The 2017 World Financial Group Continental Cup of Curling was held from January 12 to 15 at the Orleans Arena in Paradise, Nevada. This marked the third edition of the Continental Cup held outside of Canada. The Continental Cup featured team events, mixed doubles events, and skins competitions, and the brunt of the points was in the skins competitions. TSN broadcast the event, as it had in previous years.

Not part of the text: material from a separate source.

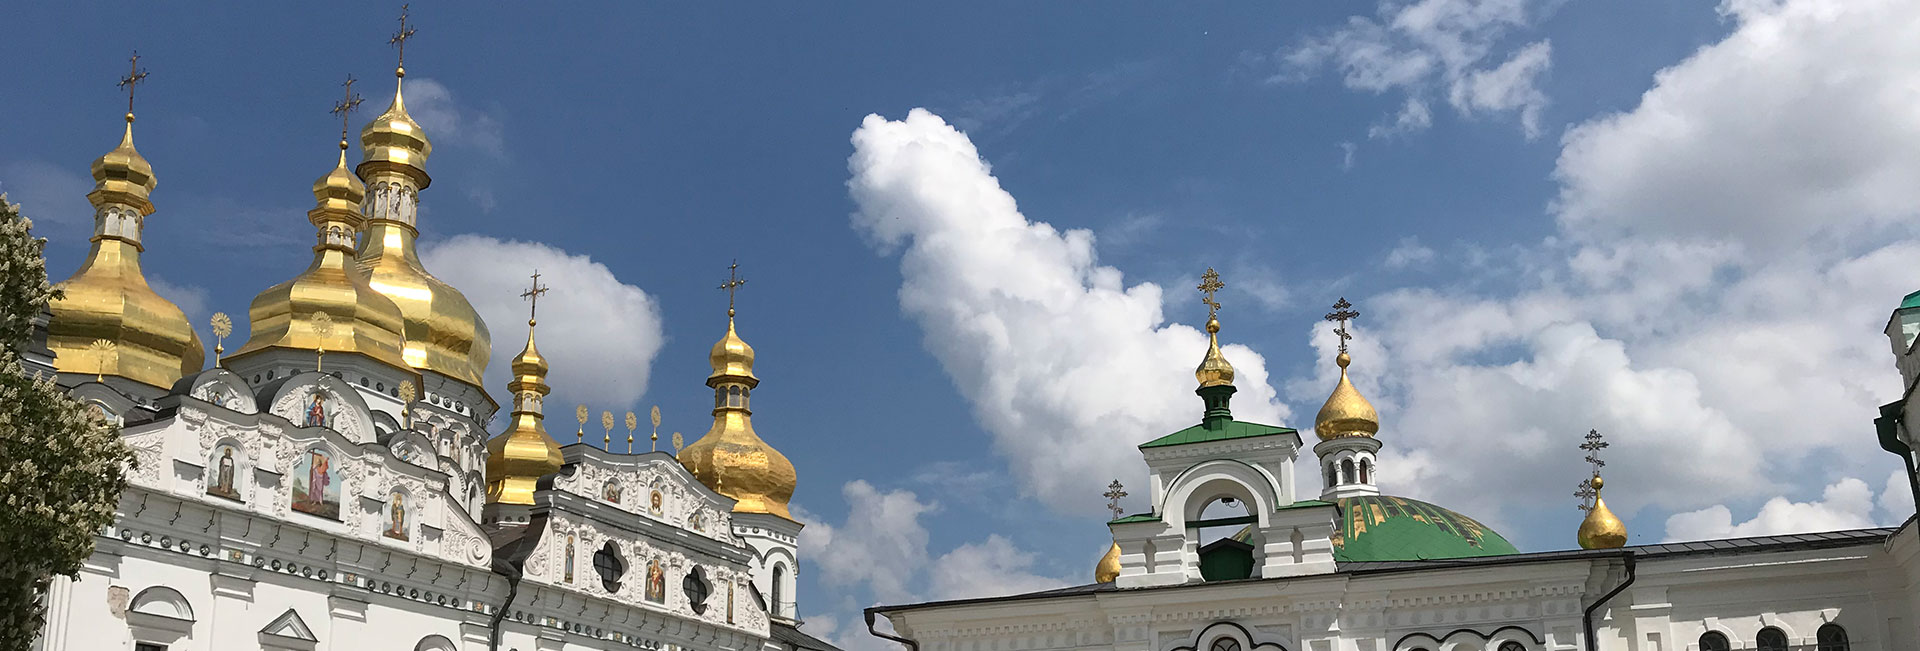 Pecherskaya Lavra - Monastery of the Caves, Kiev, Ukraine. Photo credit: Michel Behar

North America would go on to win the event 37 points to 23. The total attendance for the event was 57,753, the second highest in event history.

Competition format
This edition of the Continental Cup used a similar format as that of the previous year, with the main difference being the elimination of the singles event, which was replaced by an additional mixed doubles event. Out of the sixty total points available, a majority of points was needed to win the cup. The mixed doubles, and team games were worth one point each, and ties were worth one half point each to both teams. The skins games were worth a total of five points. Nine mixed doubles were played, along with eighteen team games and six skins games.

Teams
The teams were selected from the top teams in each region. Six teams from each region will compete against each other in the competition. Four teams from Canada earn the right to represent Team North America by virtue of winning certain events, namely the Canada Cup of Curling and the Canadian National Championships (the Brier and the Tournament of Hearts). Two teams from the United States, namely the top point-getters of American teams on the World Curling Tour, were chosen to represent North America, and the teams representing Team World were selected by the World Curling Federation.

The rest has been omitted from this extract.